Граф танцовал хорошо и знал это, но его дама вовсе не умела и не хотела хорошо танцовать. Ее огромное тело стояло прямо с опущенными вниз мощными руками (она передала ридикюль графине); только одно строгое, но красивое лицо ее танцовало. Что выражалось во всей круглой фигуре графа, у Марьи Дмитриевны выражалось лишь в более и более улыбающемся лице и вздергивающемся носе. Но зато, ежели граф, всё более и более расходясь, пленял зрителей неожиданностью ловких выверток и легких прыжков своих мягких ног, Марья Дмитриевна малейшим усердием при движении плеч или округлении рук в поворотах и притопываньях, производила не меньшее впечатление по заслуге, которую ценил всякий при ее тучности и всегдашней суровости. Пляска оживлялась всё более и более. Визави не могли ни на минуту обратить на себя внимания и даже не старались о том. Всё было занято графом и Марьею Дмитриевной. Наташа дергала за рукава и платье всех присутствовавших, которые и без того не спускали глаз с танцующих, и требовала, чтоб смотрели на папеньку. Граф в промежутках танца тяжело переводил дух, махал и кричал музыкантам, чтоб они играли скорее. Скорее, скорее и скорее, лише, лише и лише развертывался граф, то на цыпочках, то на каблуках, носясь вокруг Марьи Дмитриевны и, наконец, повернув свою даму к ее месту, сделал последнее па, подняв сзади кверху свою мягкую ногу, склонив вспотевшую голову с улыбающимся лицом и округло размахнув правою рукой среди грохота рукоплесканий и хохота, особенно Наташи. Оба танцующие остановились, тяжело переводя дыхание и утираясь батистовыми платками.
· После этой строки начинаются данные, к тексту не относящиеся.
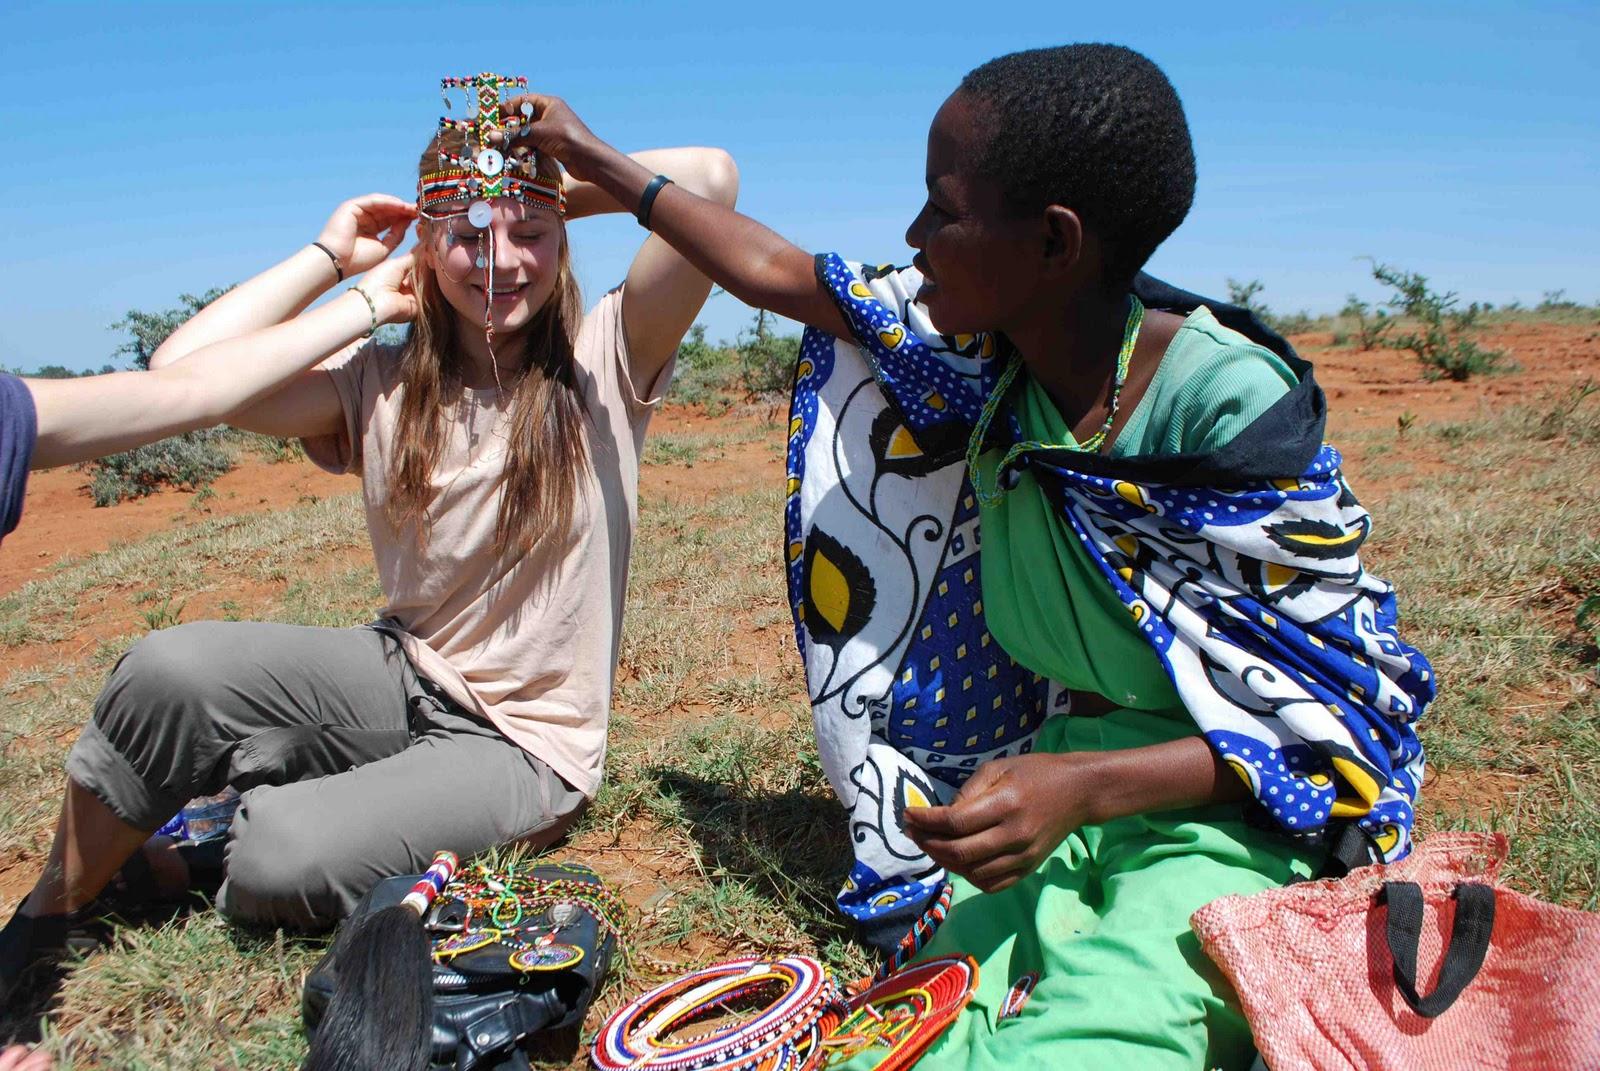 Verden ifølge Gry: Den mobile Masai

– Вот как в наше время танцовывали, ma chere, – сказал граф.
– Ай да Данила Купор! – тяжело и продолжительно выпуская дух и засучивая рукава, сказала Марья Дмитриевна.


В то время как у Ростовых танцовали в зале шестой англез под звуки от усталости фальшививших музыкантов, и усталые официанты и повара готовили ужин, с графом Безухим сделался шестой удар. Доктора объявили, что надежды к выздоровлению нет; больному дана была глухая исповедь и причастие; делали приготовления для соборования, и в доме была суетня и тревога ожидания, обыкновенные в такие минуты. Вне дома, за воротами толпились, скрываясь от подъезжавших экипажей, гробовщики, ожидая богатого заказа на похороны графа. Главнокомандующий Москвы, который беспрестанно присылал адъютантов узнавать о положении графа, в этот вечер сам приезжал проститься с знаменитым Екатерининским вельможей, графом Безухим.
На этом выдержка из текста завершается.